Far too many entrepreneurs and business owners underestimate how much startup capital is required before their new business venture turns profitable and starts generating cash flow. The classic example is a new restaurant which sinks its limited startup capital into retrofitting a space over a period of months just to get the place open and then have no plan on how to survive the initial period of months of negative cash flow after opening. This is also equally true with companies in the manufacturing and technology industries.

  • “Improper Planning”

“Lack of proper planning is another common reason small companies fail and go out of business. All too often, entrepreneurs focused on achieving their dream of financial independence fail to take the painstaking but necessary step of creating a strategic business plan that factors in components such as workforce needs, analysis of competitors, sales and expense forecasts and marketing budgets.”

The cliché is true: “People don’t plan to fail, but they often fail to plan.” Entrepreneurs are often strong-willed, emotional personalities and make crucial decisions quickly. However, the reality of the financial complexities related to managing sales, costs, profits, and cash flow for a startup or new business is not something that can be done

  • “Expanding Too Quickly”

“More than one company has experienced bankruptcy as a result of the business owner’s reach exceeding his grasp concerning expansion.”

Too few business owners and startup founders understand the perils of growing too fast. Growing quickly puts a huge strain on cash flow due to hiring costs, operating losses, working capital needs, and capex.

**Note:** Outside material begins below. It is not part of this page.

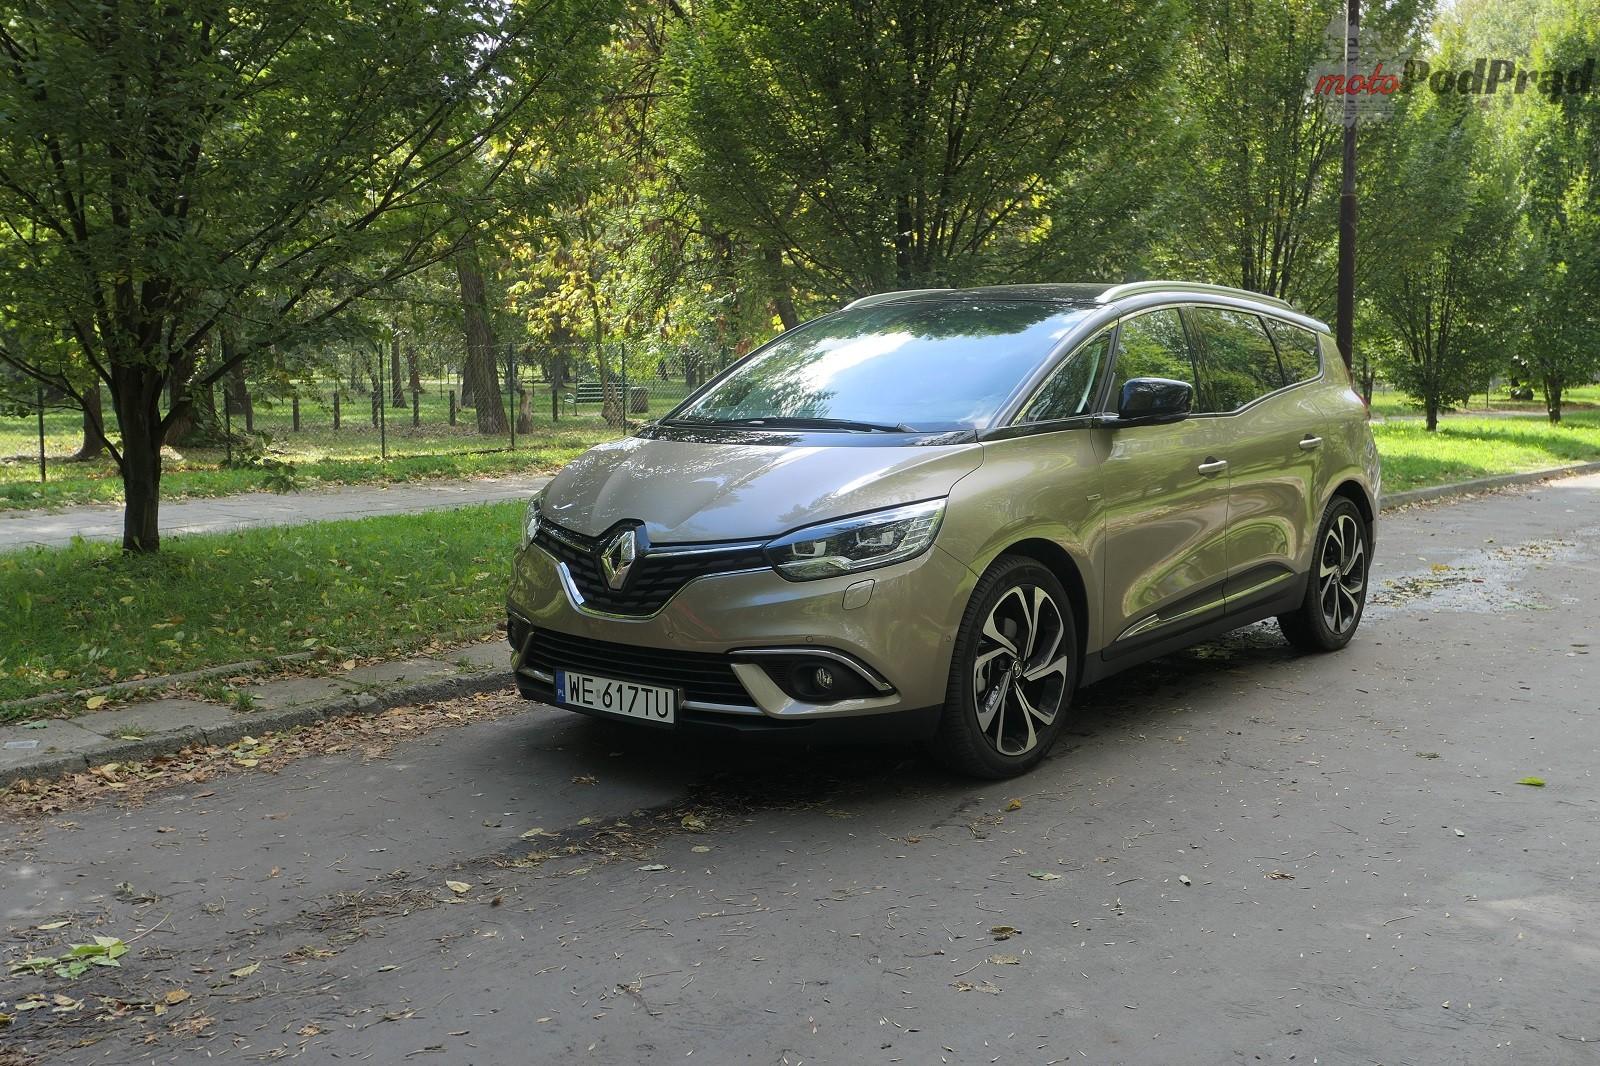 Renault Grand Scenic 14 Test: Renault Grand Scenic 1,3 tCe   wielki tylko ciałem

Even when sales are increasing rapidly, many companies fail due to the inability to manage the cash flow and financial stresses.

  • “Unprofitable Business Model”

The popular phrase “Business Model” is often abused and misunderstood. One of the first tasks we face as an incoming CFO is to educate the business owner, Founder, and management team on what a true Business Model is. Usually, this involves carefully analyzing the key drivers of sales, costs, financial ratios, profit margins, and other items.